# Ann Arbor INDOOR swap spaces are SOLD OUT



## pkleppert (Apr 14, 2019)

As of this morning all indoor swap spaces are SOLD OUT. 
We only have outdoor spaces available.
There will be at least 50 vendors set up on Saturday representing over 100 swap spaces
Thank you for this tremendous turn out!

Paul and Annie


----------



## catfish (Apr 14, 2019)

Nice!


----------



## Rusthound (Apr 15, 2019)

Is it open to the public on Saturday afternoon?


----------



## TieDye (Apr 16, 2019)

I too would like to know if customers can get in Saturday. @pkleppert @sm2501


----------



## ivrjhnsn (Apr 16, 2019)

TieDye said:


> I too would like to know if customers can get in Saturday. @pkleppert @sm2501



http://www.ann-arbor-bicycleshow.com/info.html


----------



## sm2501 (Apr 16, 2019)

Saturday is only open to vendors. 

With that said, out door spaces are still available. They run $40.00 for Sunday. If you want in Saturday, it runs an extra $20.00.


----------



## pkleppert (Apr 16, 2019)

The show is not open to the public on Saturday. It will open on Sunday at 8am.  Thanks


----------



## jimsbeercans (Apr 26, 2019)

can we get a weather report?? for us out of towners.


----------



## 3-speeder (Apr 26, 2019)

jimsbeercans said:


> can we get a weather report?? for us out of towners.
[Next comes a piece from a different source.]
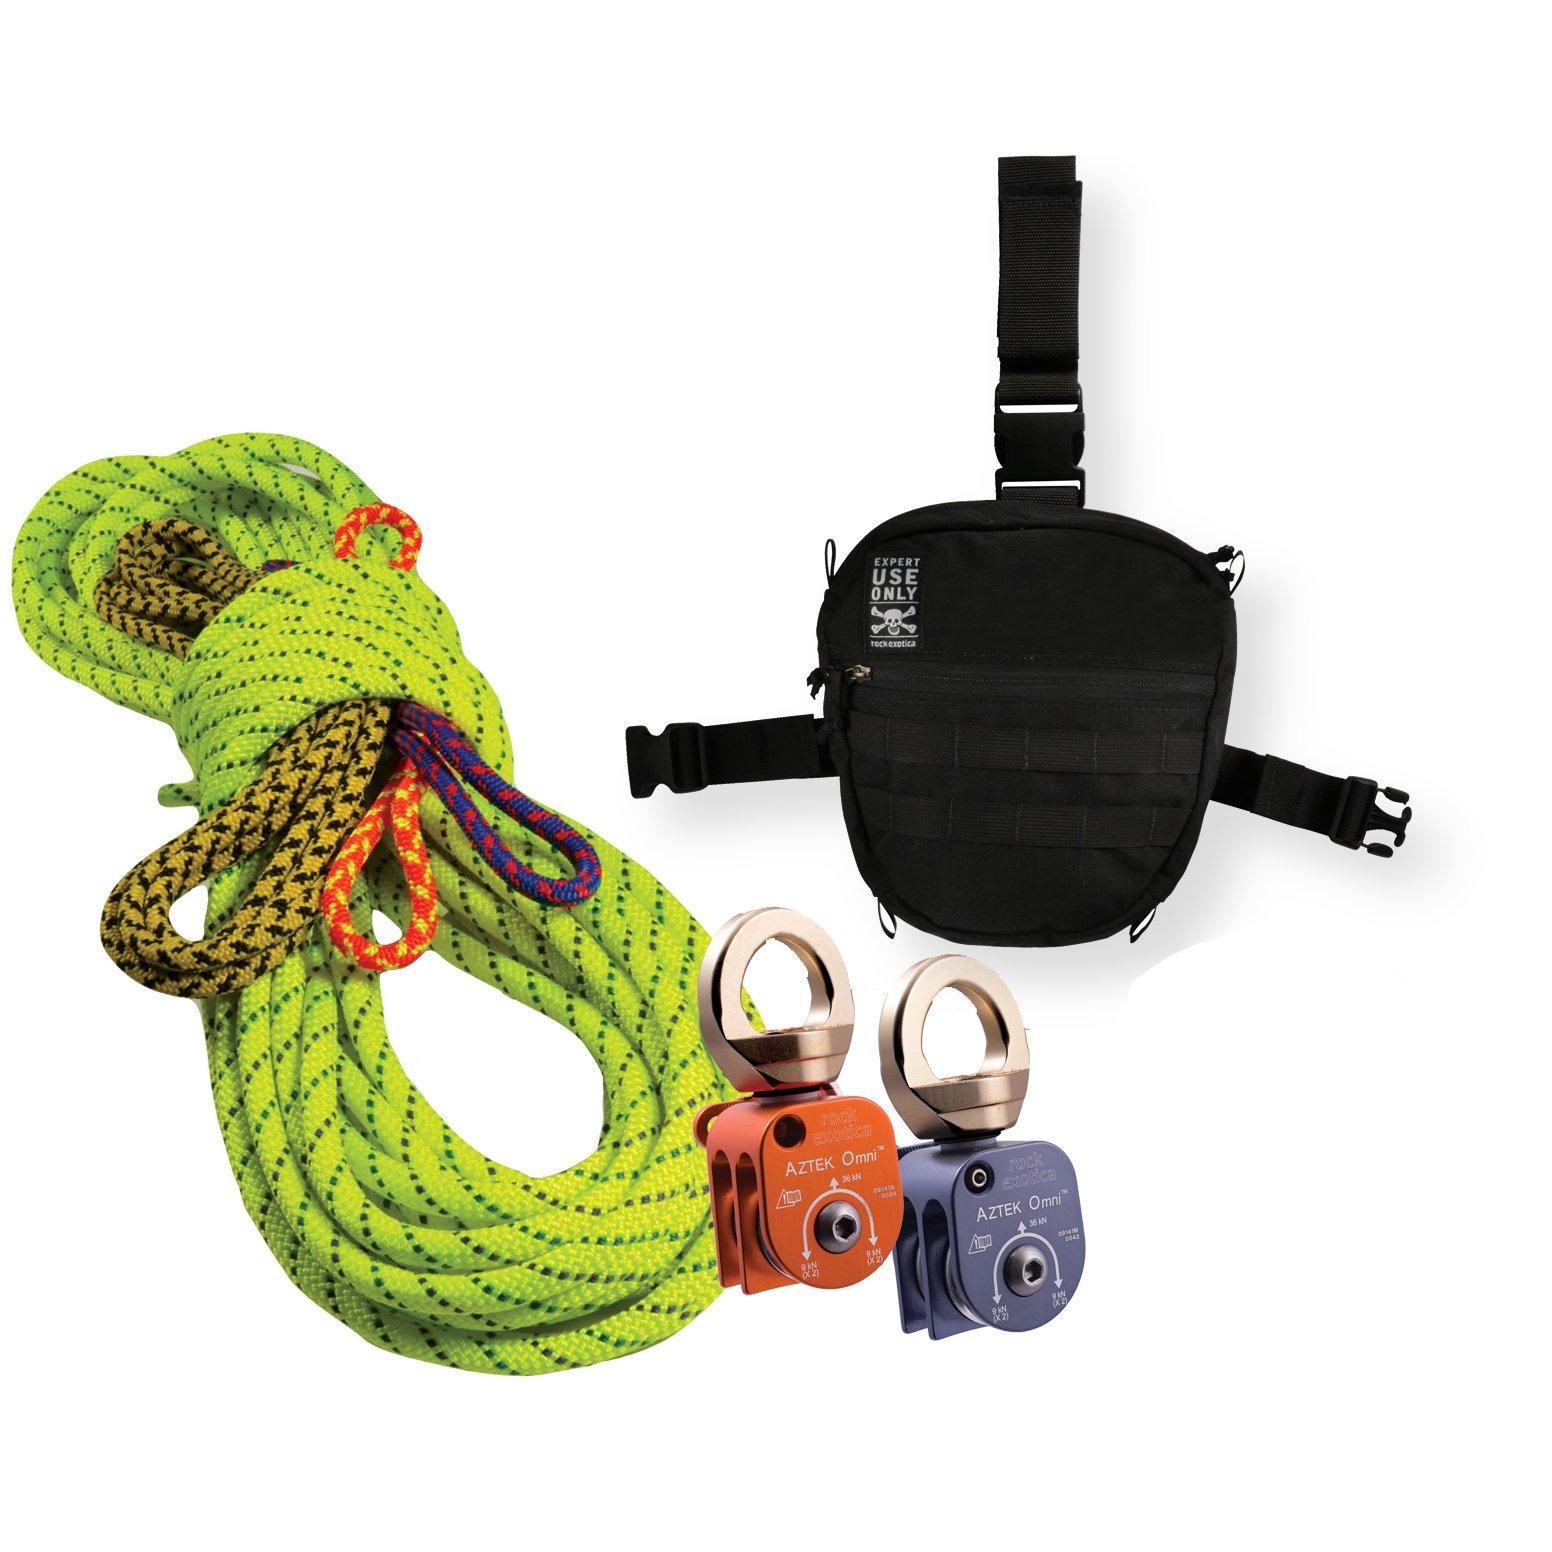 Rock Exotica Aztek Pulley Pro Kit P41KITPRO Plus 2 FREE Auto Bilock Carabiners

Saturday overnight snow, yes snow, ending early Sunday morning and melting quickly. Could be sloppy outside.


----------



## jimsbeercans (Apr 27, 2019)

ok. Are they still talking a lot of snow or just flurries. I'm 4+ hours away and driving in that crap early Sunday morning will flat out wear me out! The van has been loaded for almost a week and ready to go. Now I'm having 2nd thoughts.


----------



## 3-speeder (Apr 27, 2019)

Weather update. Snow should end around 5:00am-ish early Sunday morning. Heavy wet snow in the 2-4 inch range. Sunny and mid fifties during the day.  Seems like this snow will be accumulating on the grassy areas and will be wet and slushy on the roadways particularly along the I-94 corridor.


----------



## SLM (Apr 27, 2019)

I live about 1 hour from Ann Arbor and it's sunny 48 degrees and Michigan weather keeps changing !   I would expect rain showers but snow  and accumulation not likely !!  Saturday 54-38 degrees (forecast shows 40 degrees at midnight dropping to 38 at 4am) .   I would not pass on AA because of the threat of snow !


----------



## WES PINCHOT (Apr 27, 2019)

SNOW WILL NOT KEEP REAL CABERS AWAY!


----------



## 3-speeder (Apr 27, 2019)

I'm just repeating what the weather person said.  You know how accurate they are. I'll be there regardless.


----------



## jimsbeercans (Apr 27, 2019)

ok. We are ready for the trip. See everyone there!


----------



## jungleterry (Apr 27, 2019)

Hope someone has time to get some great pictures . Never been there sounds amazing .


----------